Crist’s ill-considered plan is neither a humane nor effective solution to the healthcare crisis in Florida or nationally.

The Journal criticizes the state of Florida for placing 50 mandates on insurance companies to provide a basic "floor" of care for Floridians. Obviously this is just a stopgap provision-- ideally, we would like to do away with the insurance companies altogether-- but outlining a fundamental guide of what insurers should legally provide to consumers is probably a good thing. In fact, the lack of such minimum care requirements is one of the reasons CNA/NNOC opposed ABX1:1, California's faux healthcare reform bill of 2007.

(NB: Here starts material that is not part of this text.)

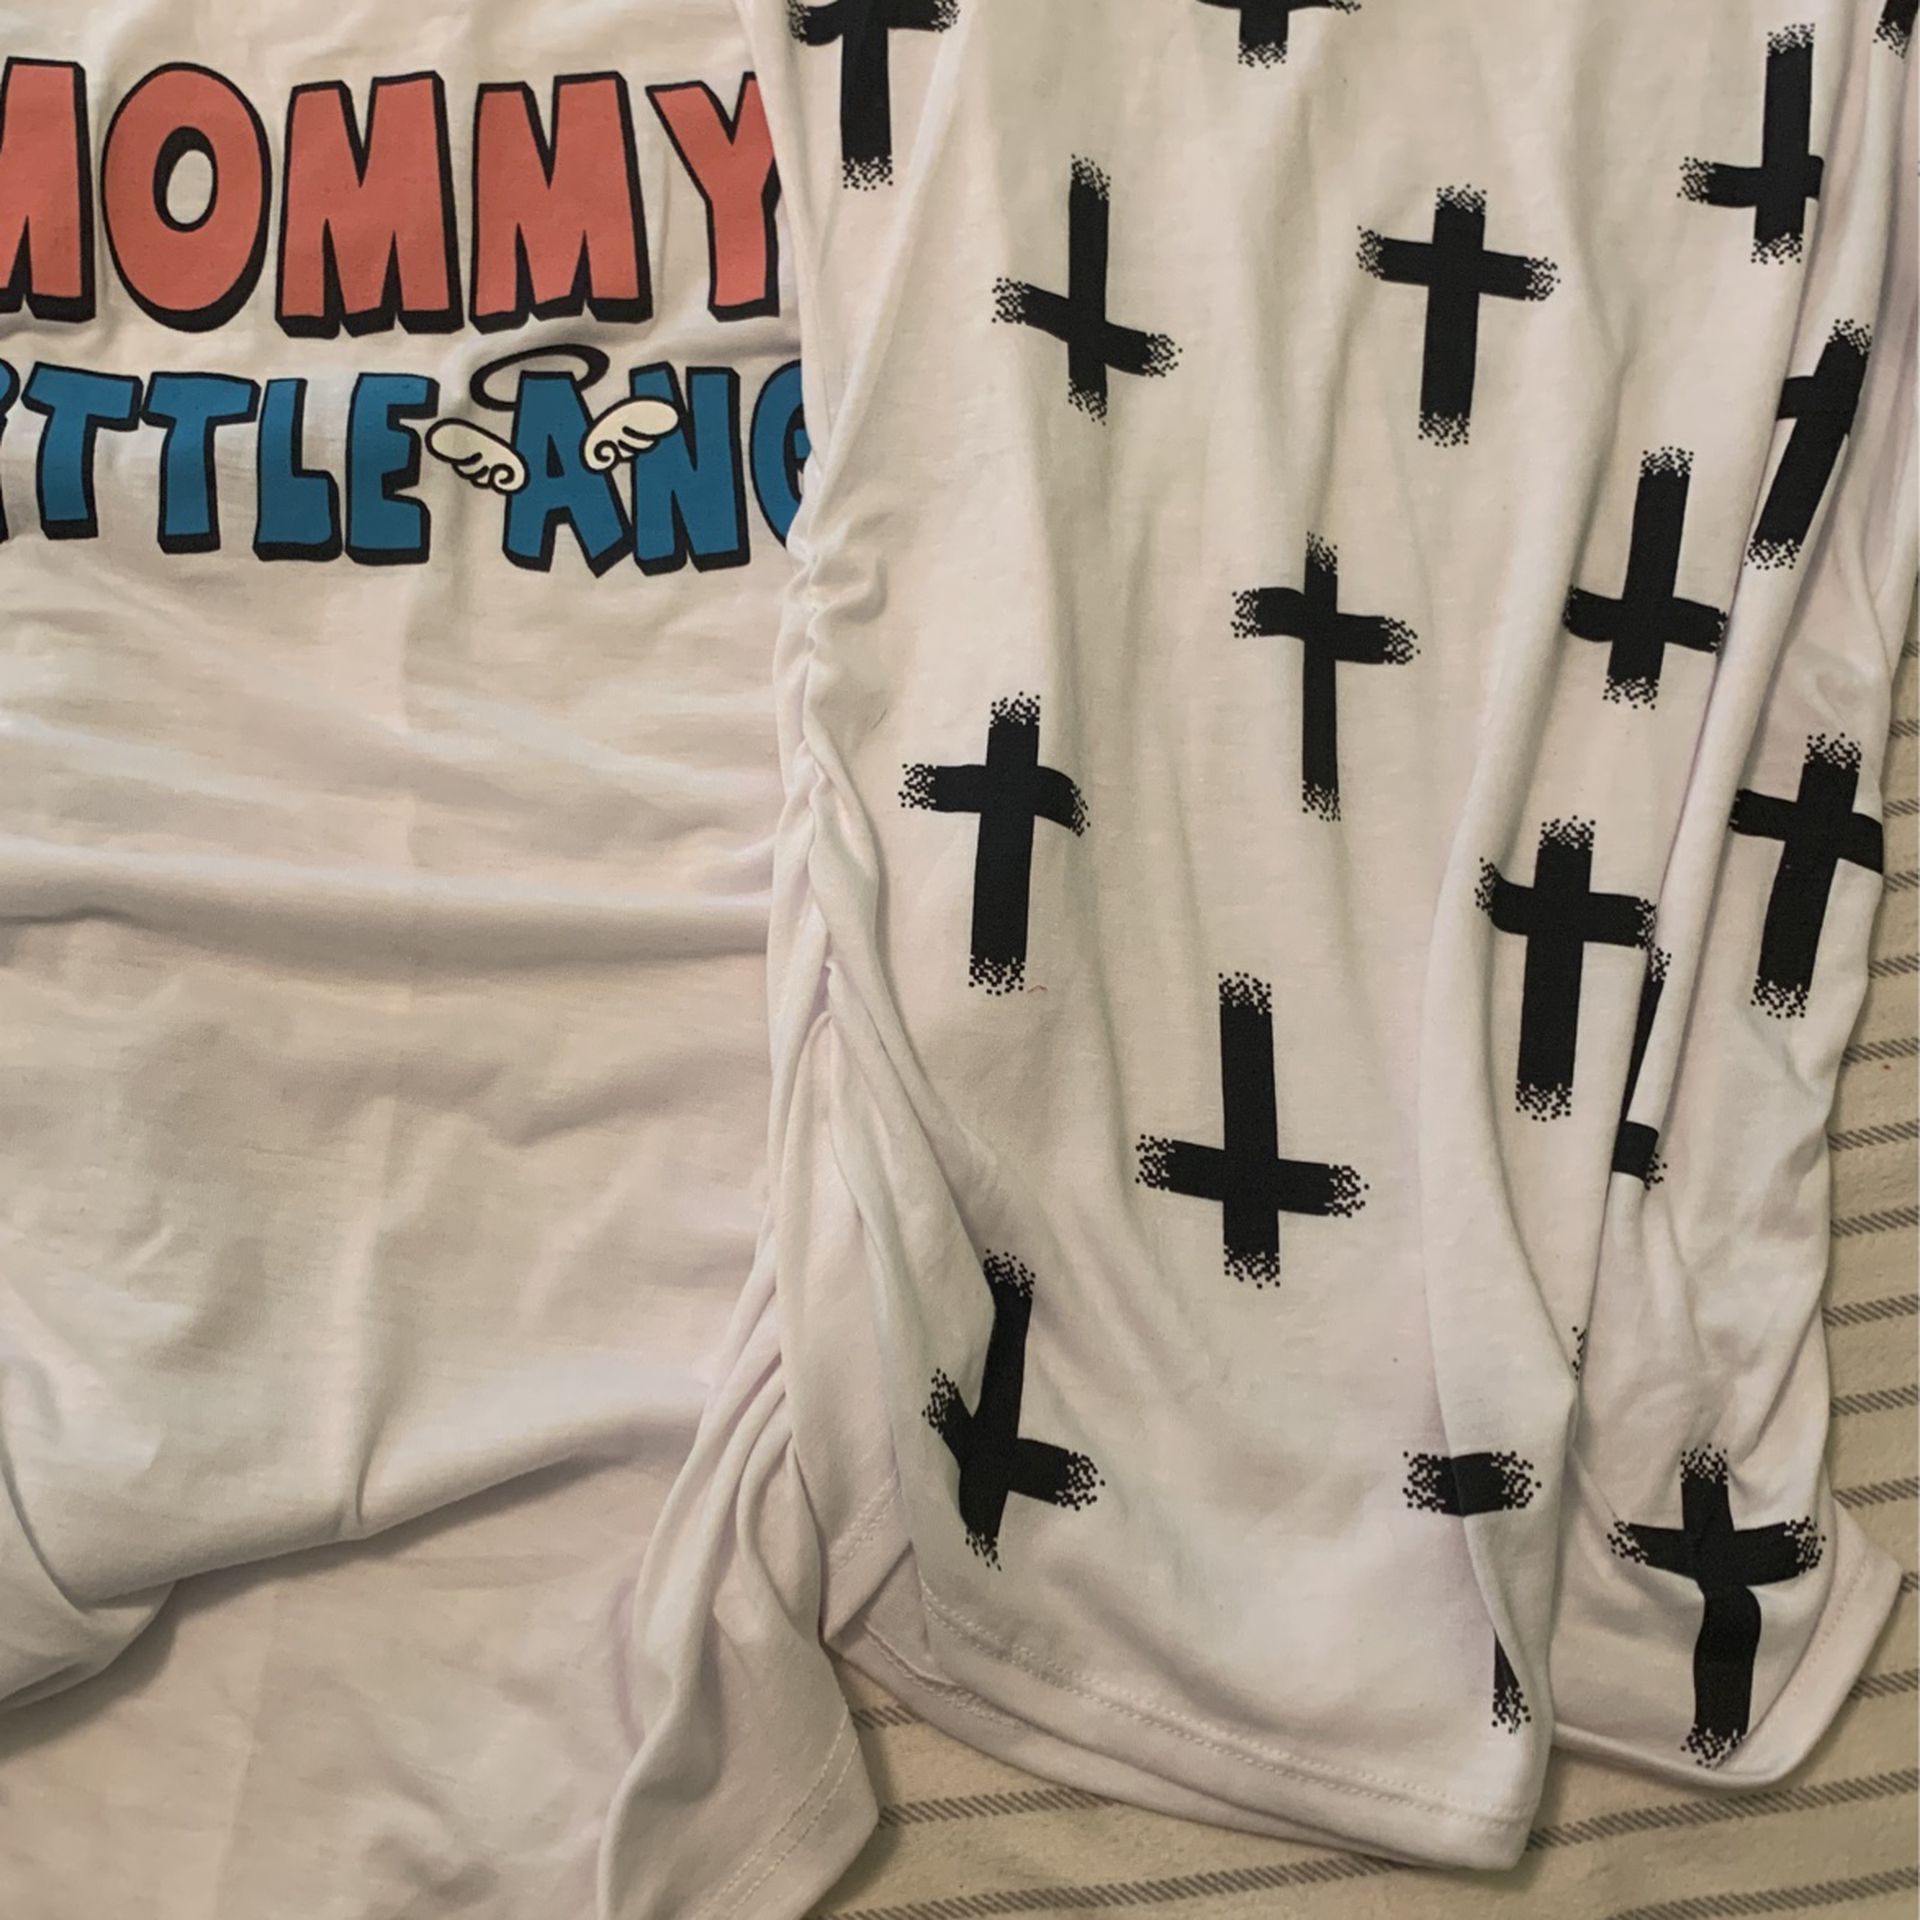 Maternity Shirts S,m, L $6 Each

The "Cover Florida" plan would work by removing those mandates for insurers providing policies to those 'uninsurables' with low incomes or pre-existing conditions. As the editorial reads, "insurance companies will be permitted to sell stripped-down, no-frills policies..." By allowing insurers to “opt out” of certain basic and crucial services, Crist will be creating a sub-class of Floridians who can afford coverage but receive no actual care in return. This is junk insurance, plain and simple, and by refusing to hold insurers to a basic standard of service, Crist is allowing them to skim millions in profits in exchange for selling the empty title of “covered” to Florida’s under- and uninsured.

As the hundreds of people who have logged onto this website to tell their story can attest, there is a huge difference between "coverage" and "care."

The problem in Florida is not the uninsured, the problem is the insurance companies themselves, who exist to make profits by denying care to those who need it. The only sensible solution to our nation’s healthcare fiasco is to provide a single standard of care for everyone, at a markedly lower cost than insurance, with about 10 percent of the overhead of insurance companies: that solution is single payer.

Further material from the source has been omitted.